4.3. Total Proanthocyanidin (PAC) Analysis

4.3.1. p-Dimethylaminocinnamaldehyde (DMACA) Method

The same materials used for polyphenol analysis were used for the analysis of total PAC content. The DMACA method [23] was used for total PAC content. Briefly, 0.025 g of freeze-dried sample was dissolved in 5 mL of milli-Q water. After heating at 95 °C for 15 min, the solution was incubated in cold water for 5 min and then filtered through a disposable syringe and a filter (0.22 µm).
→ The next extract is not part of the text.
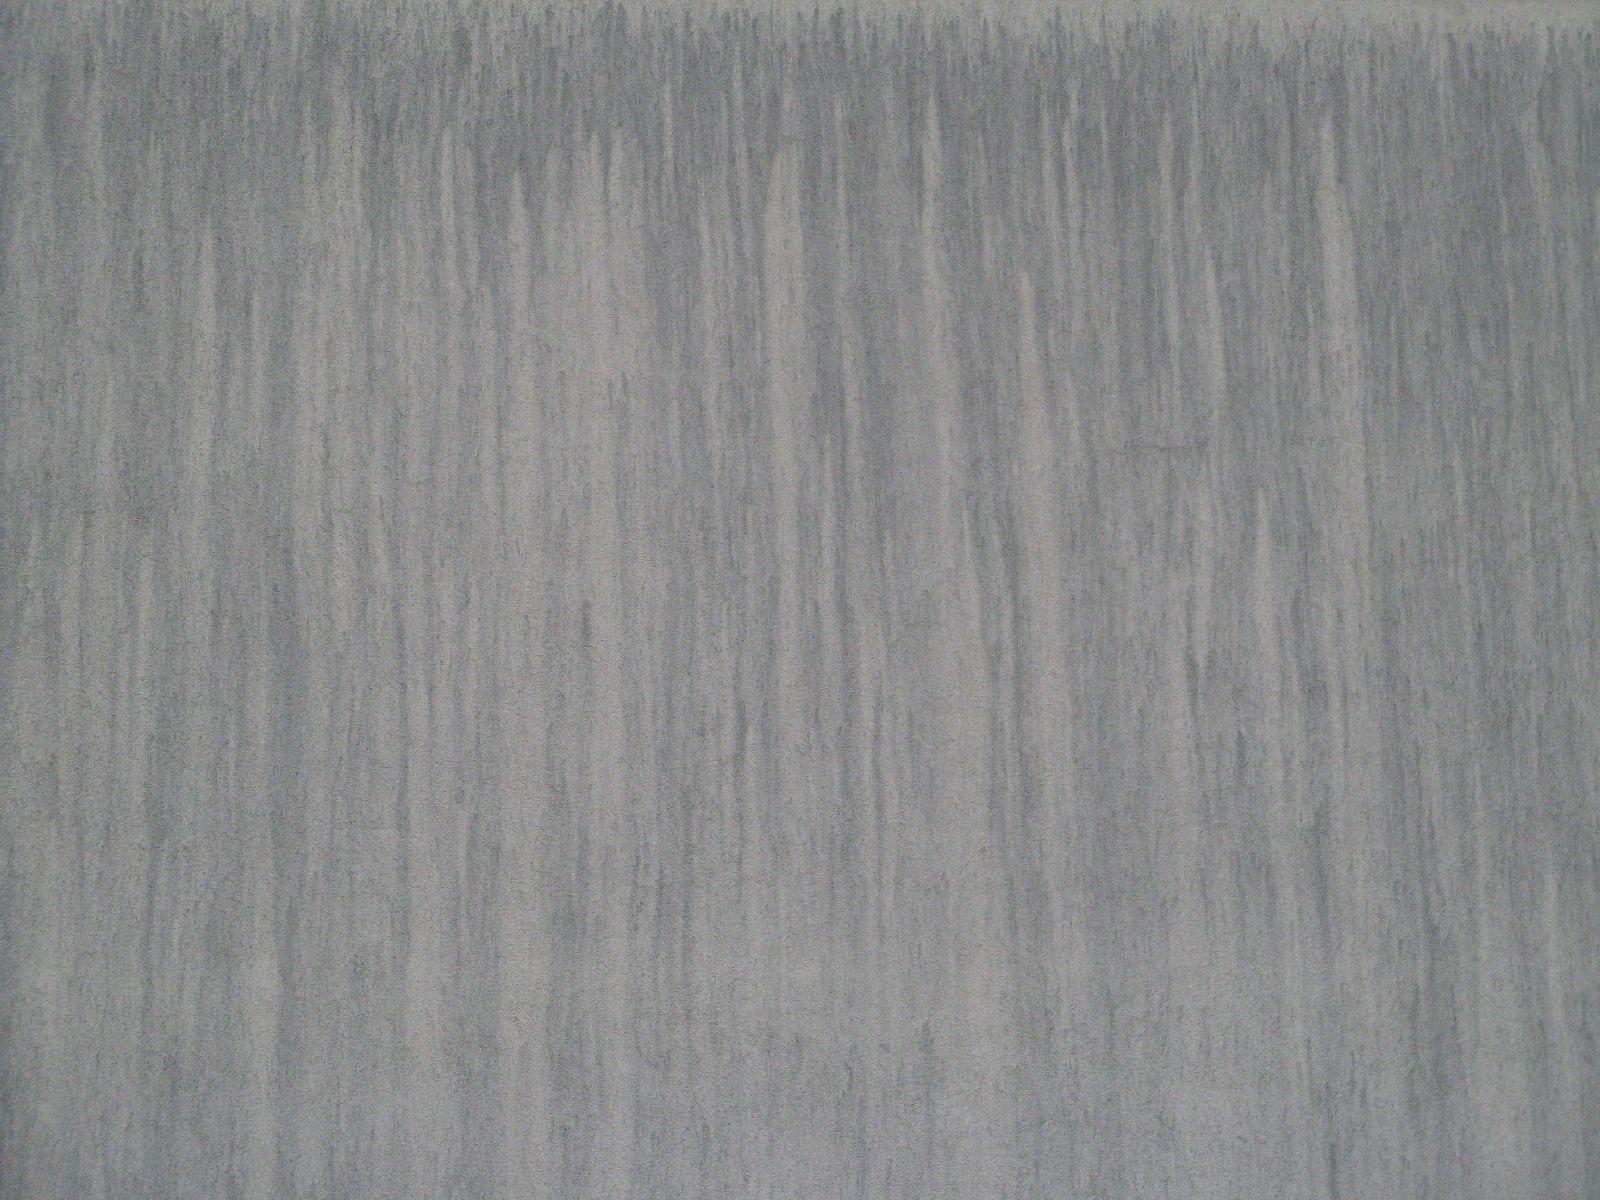 Metall_Textur_B_5629

The samples and standard solutions were diluted appropriately in a microplate, mixed with 0.1% DMACA (FUJIFILM Wako Pure Chemical Corp., Osaka, Japan), and allowed to stand for 20 min, after which the absorbance at 640 nm was measured using a microplate reader (Bio Tek Epoch 2, Agilent, CA, USA). 1N HCl in methanol was used as a blank. Catechin (Funakoshi Co., Ltd.) was dissolved in methanol and used as the standard solution. For each treatment, three biological replicates were performed.

4.3.2. Butanol/HCl Method

The butanol/HCl method [32] was also used to determine total PAC content. The solution was extracted using the same procedures as for the DMACA method. After 100 μL of extraction solution or standard solution was diluted with butanol, it was mixed with 25 μL of 2% (w/v) NH4Fe(SO4)2·12H2O (in 2MHCl) and 875 μL of butanol-conc. HCl (95:5). A portion of the mixture was placed in a screw-capped test tube and the remainder was used as a blank. The mixture was heated at 105 °C for 30 min, with stirring every 10 min, and then cooled in cold water for 15 min, after which the absorbance at 550 nm was measured. Procyanidin B2 (FUJIFILM Wako Pure Chemical Corp., Osaka, Japan) was dissolved in methanol and used as the standard solution. For each treatment, three biological replicates were performed.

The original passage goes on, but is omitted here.